§ **Work required**
Return the lines of the material below exactly, beginning with the line that has "Archivio Vittorio Bodini" in it and finishing with the line that has "Xohy Men's Full" in it. Leave all pictures aside.

§ **Material provided**
------------------------------------------------------------------------

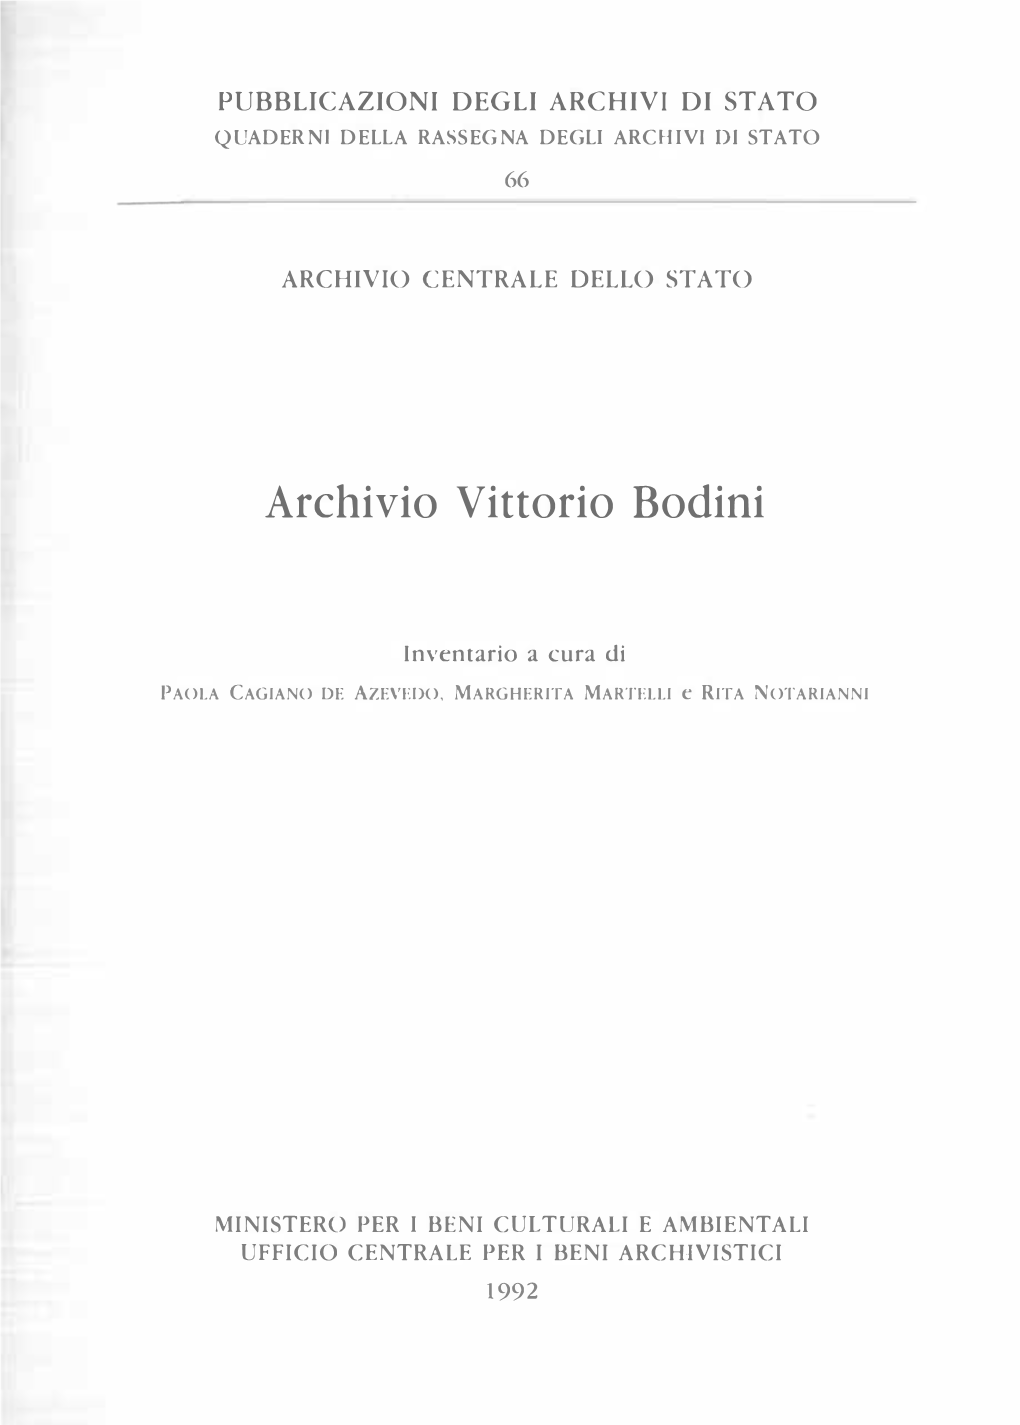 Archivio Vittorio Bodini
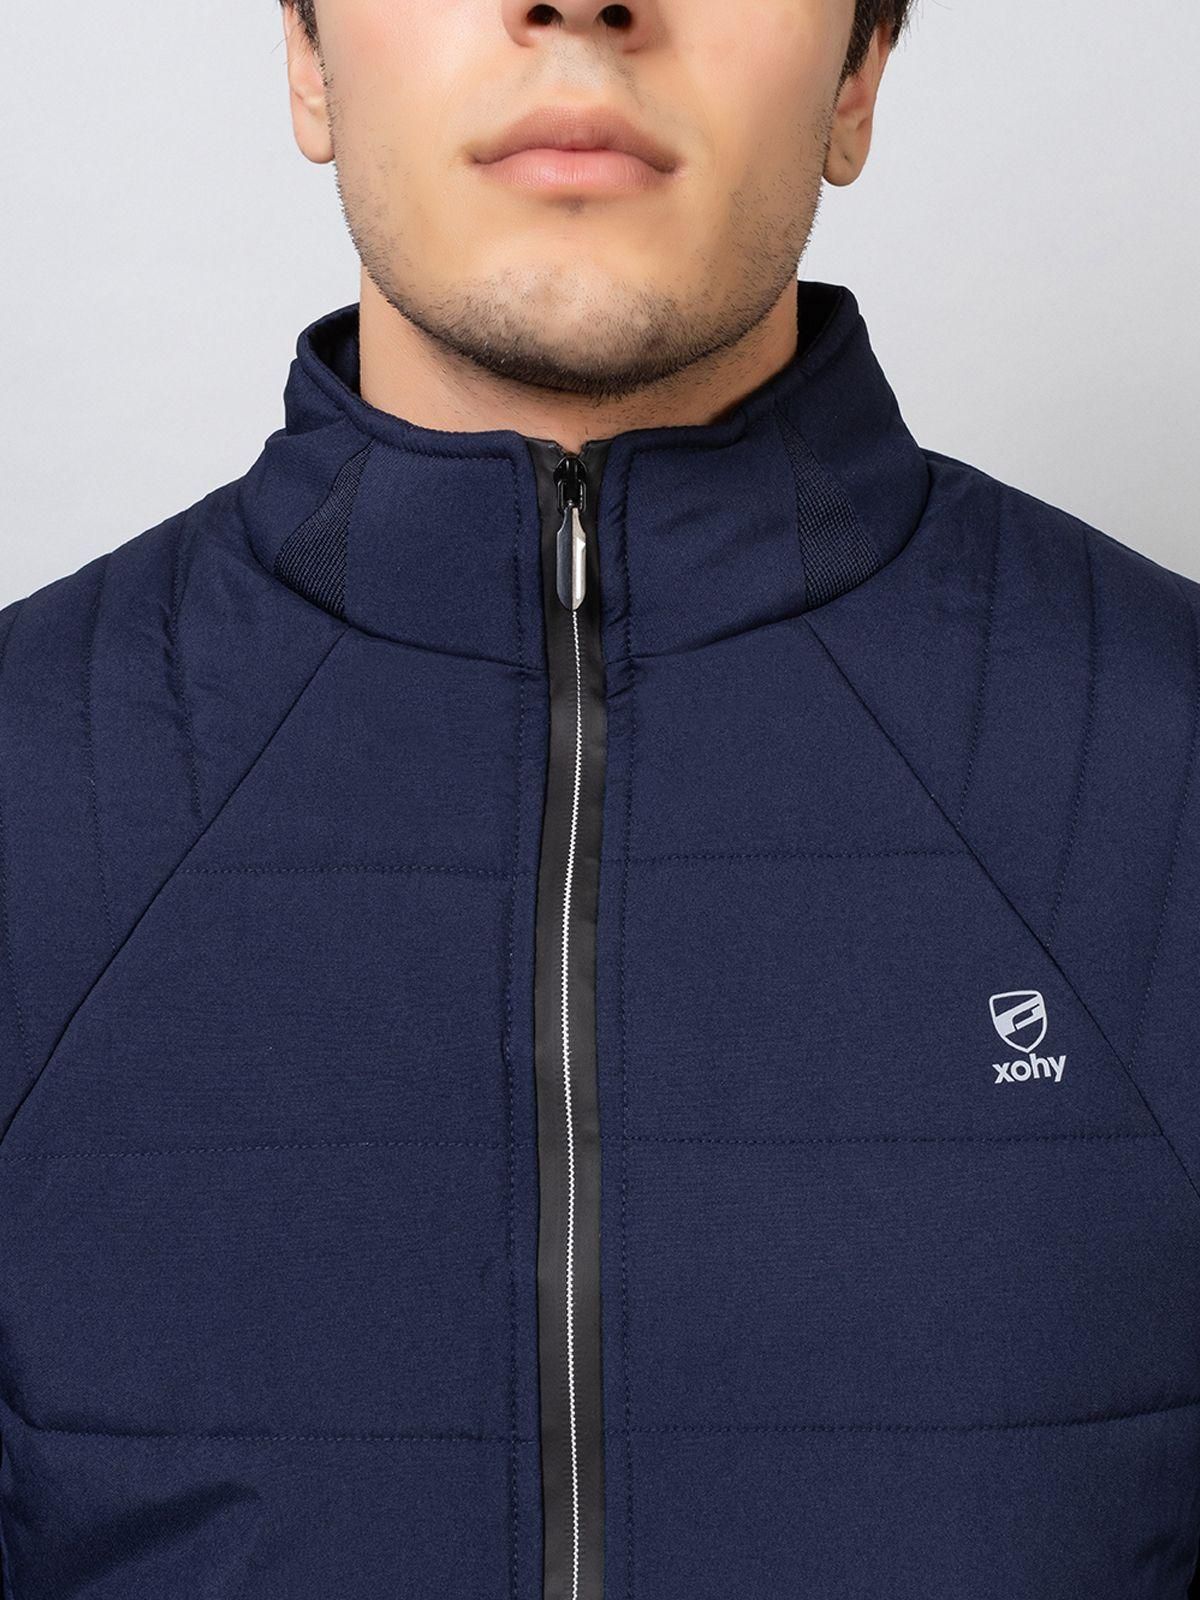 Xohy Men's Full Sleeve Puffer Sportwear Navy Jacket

------------------------------------------------------------------------

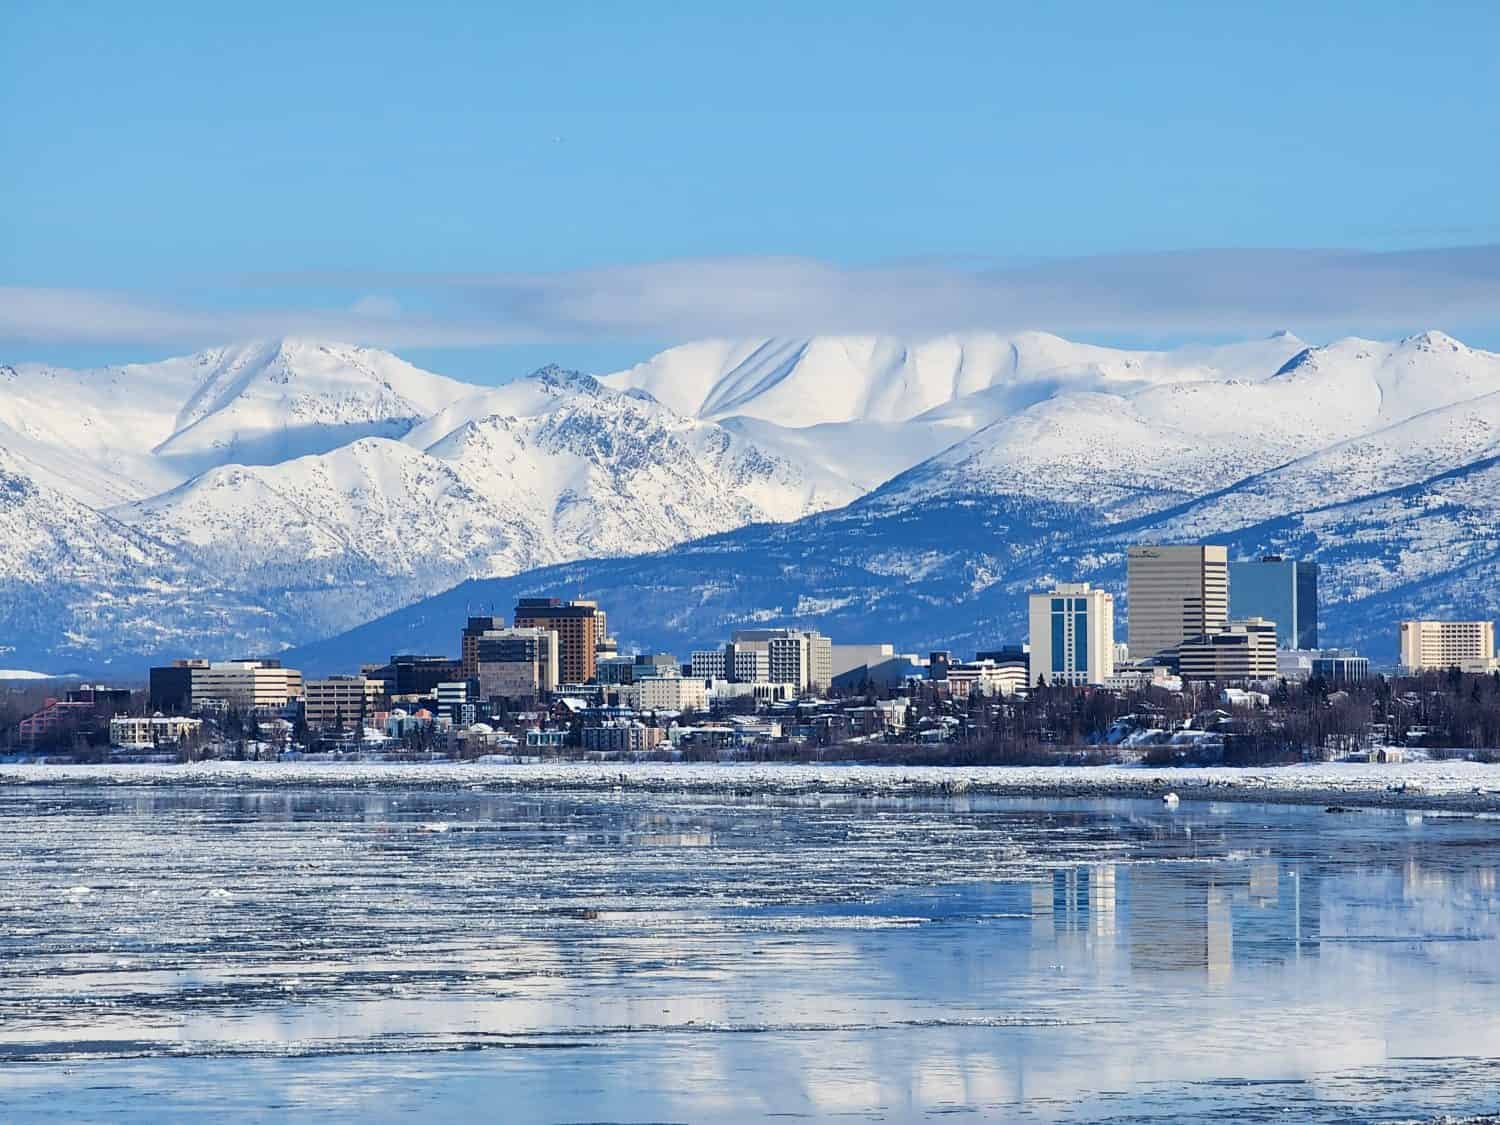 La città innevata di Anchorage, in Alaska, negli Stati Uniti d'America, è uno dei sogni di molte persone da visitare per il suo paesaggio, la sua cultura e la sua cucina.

------------------------------------------------------------------------

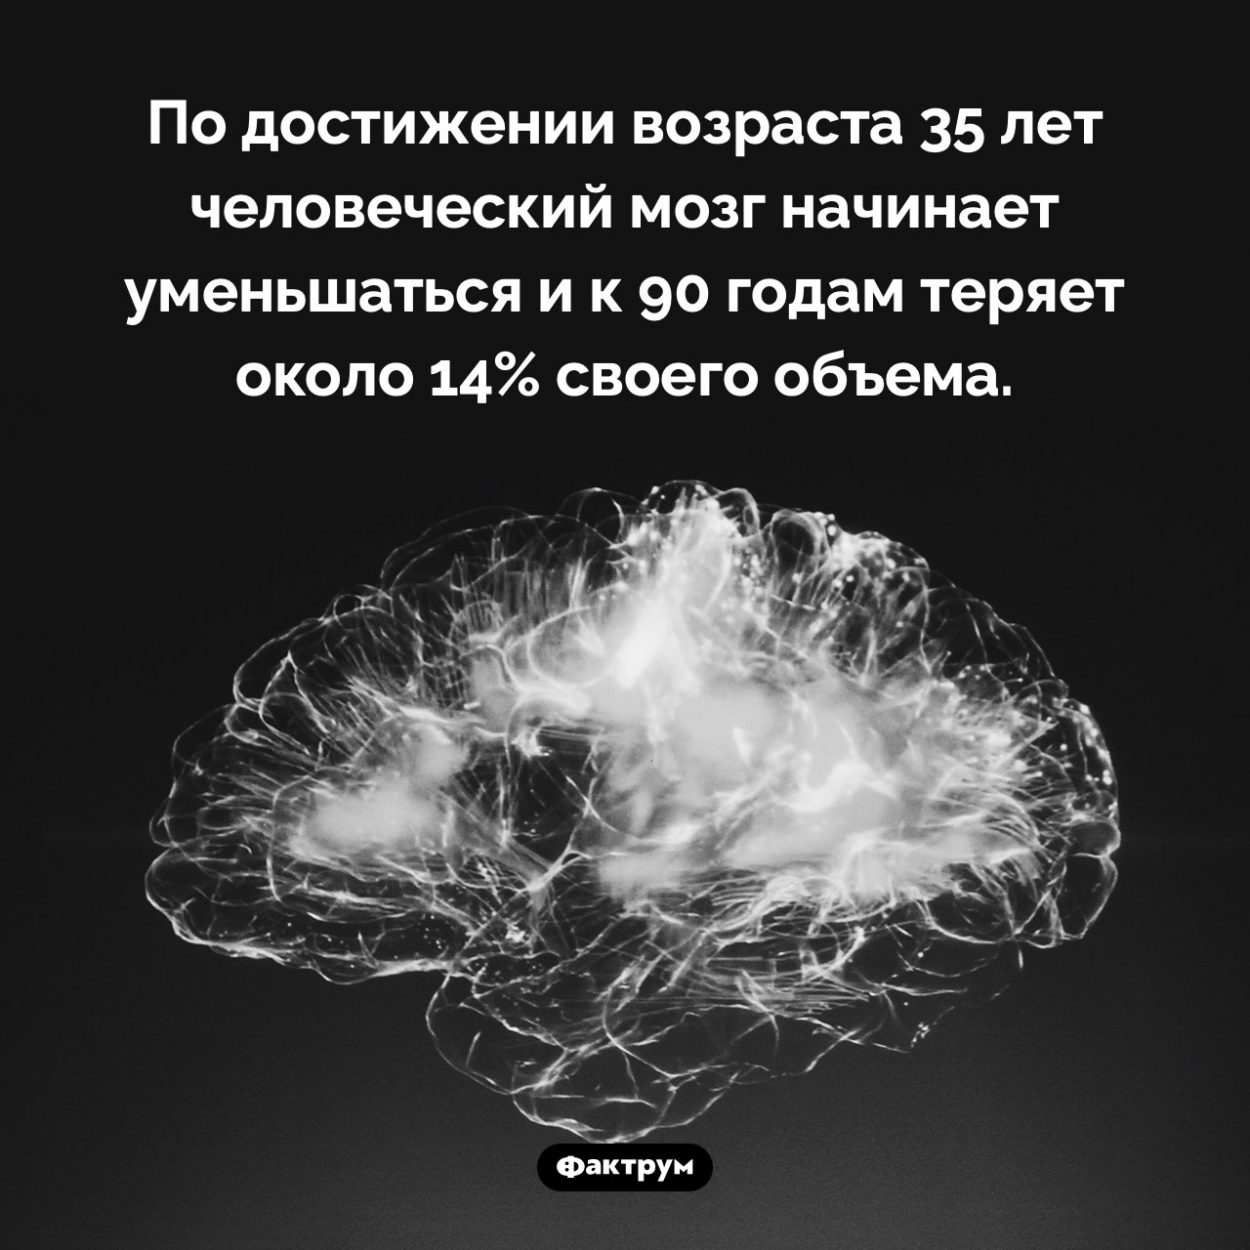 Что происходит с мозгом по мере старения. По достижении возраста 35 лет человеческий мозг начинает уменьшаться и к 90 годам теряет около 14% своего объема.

------------------------------------------------------------------------

§ **Finished task**
 Archivio Vittorio Bodini
 Xohy Men's Full Sleeve Puffer Sportwear Navy Jacket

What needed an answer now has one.